▸ **BRIEF**:
What you return should be only the lines in the entries below between the one holding "Конфетница, 17х17 см, керамика, белая, Кролик, Easter" and the one holding "Givenchy Eyewear Gv40051i", ends included, with every picture left out.

▸ **EXTRACTED MATERIAL**:
*** Begin section ***
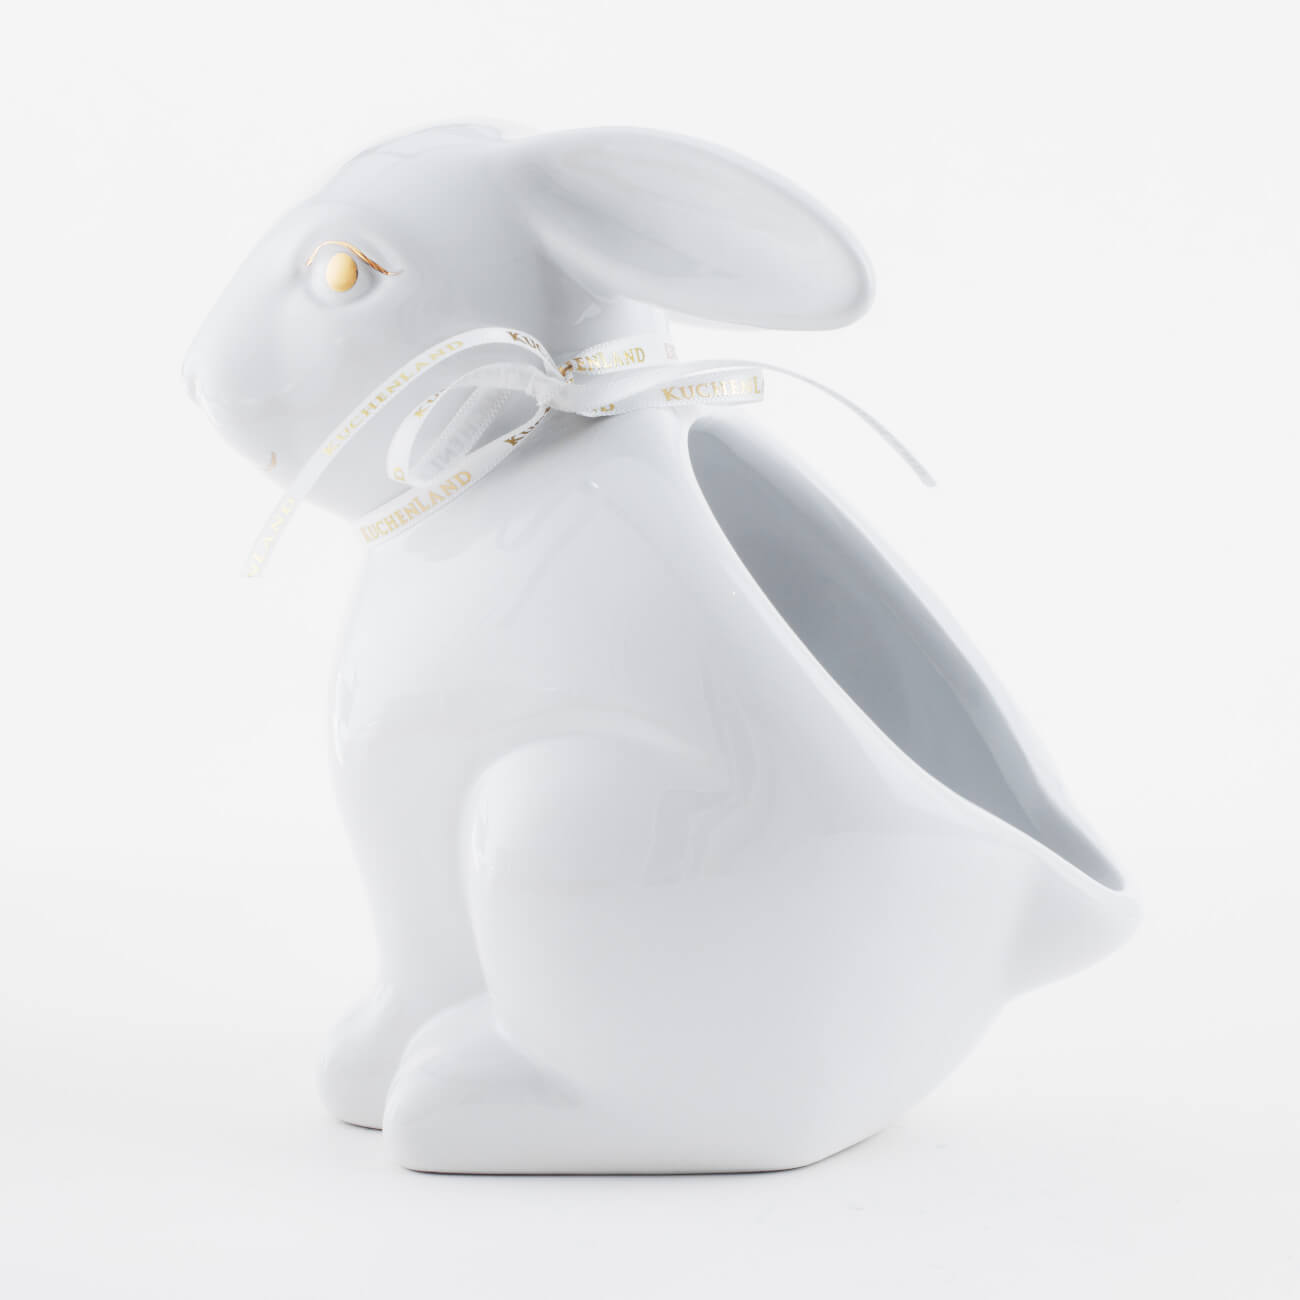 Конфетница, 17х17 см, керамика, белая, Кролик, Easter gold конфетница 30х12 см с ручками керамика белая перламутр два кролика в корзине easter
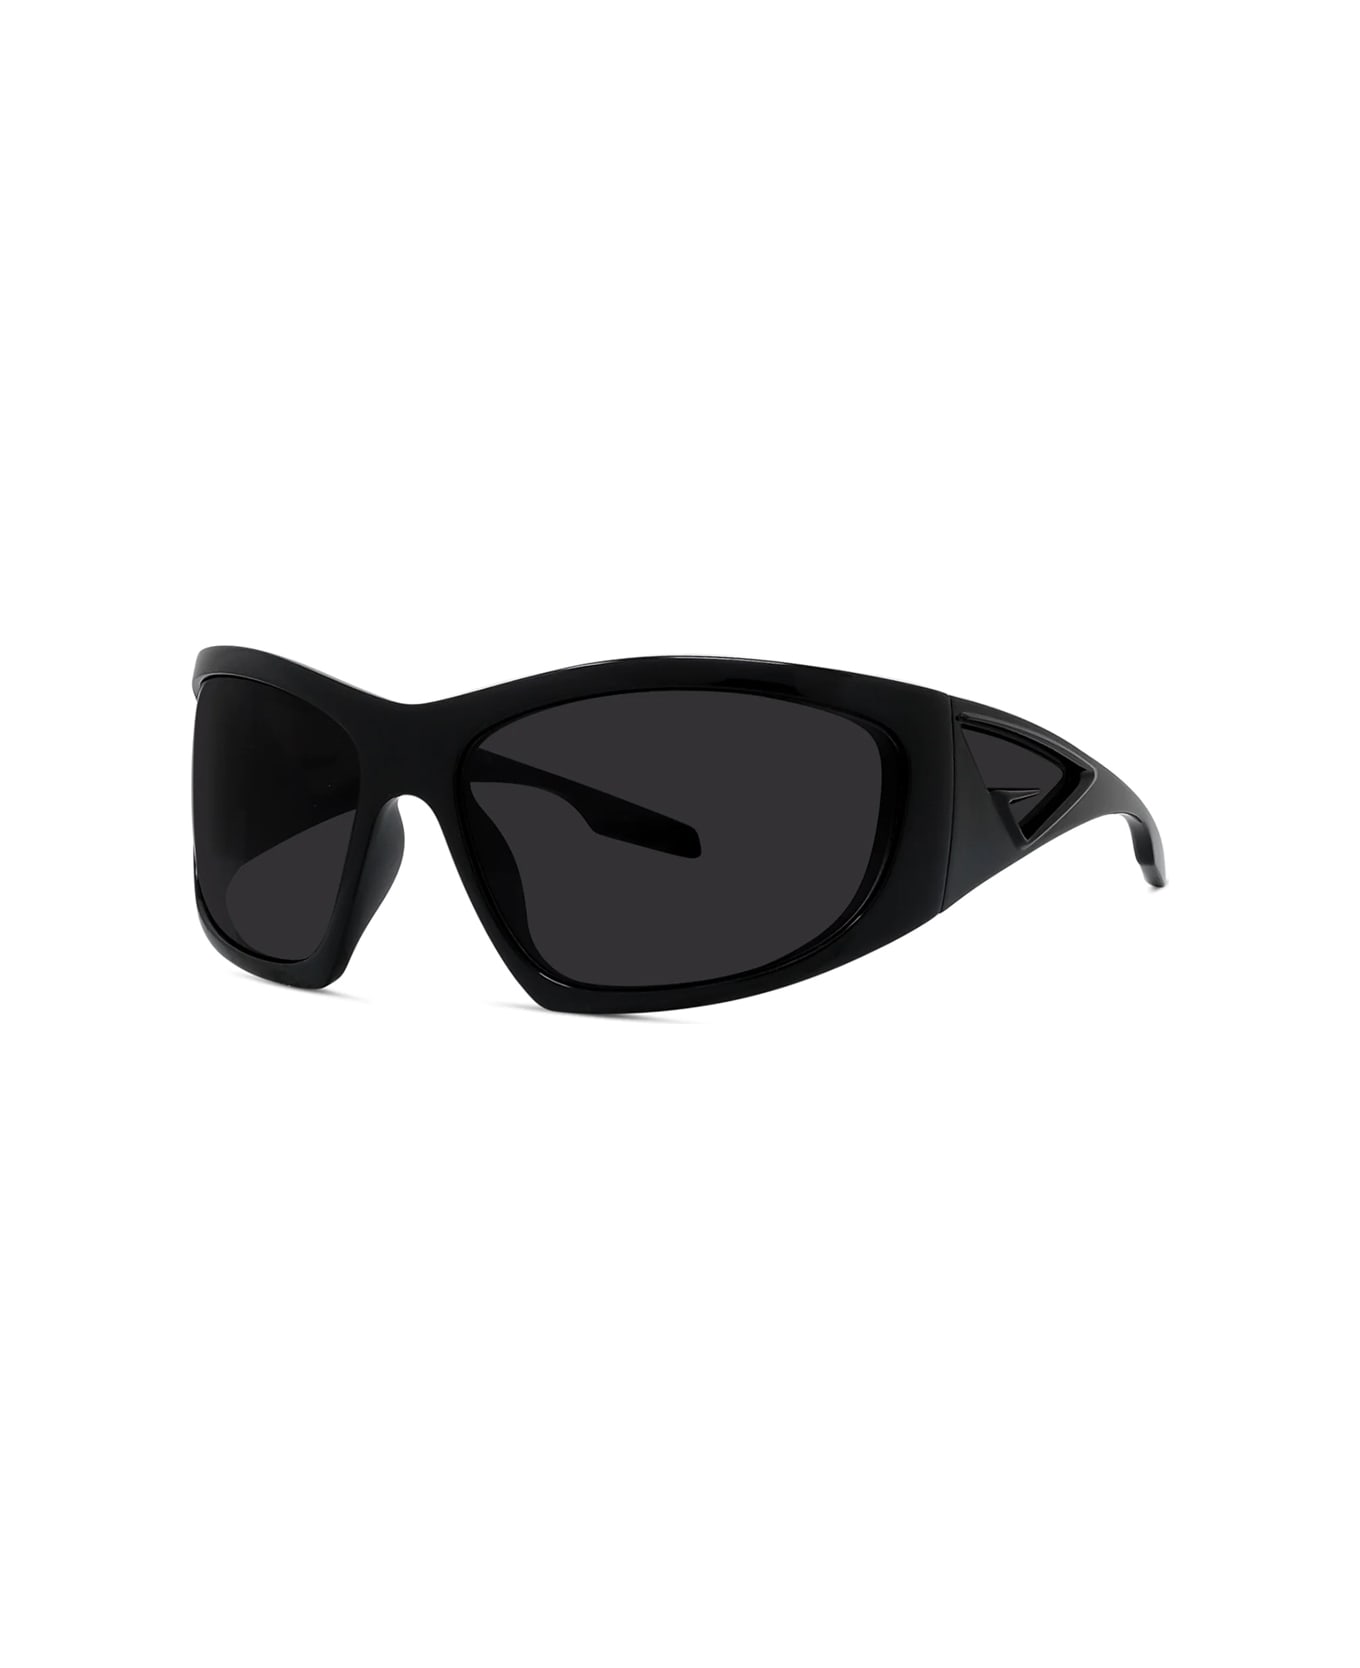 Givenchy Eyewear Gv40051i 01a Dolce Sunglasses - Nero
*** End section ***
*** Begin section ***
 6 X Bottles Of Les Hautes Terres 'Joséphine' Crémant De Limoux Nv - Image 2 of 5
*** End section ***
▸ **ANSWER BOX**:
 Конфетница, 17х17 см, керамика, белая, Кролик, Easter gold конфетница 30х12 см с ручками керамика белая перламутр два кролика в корзине easter
 Givenchy Eyewear Gv40051i 01a Dolce Sunglasses - Nero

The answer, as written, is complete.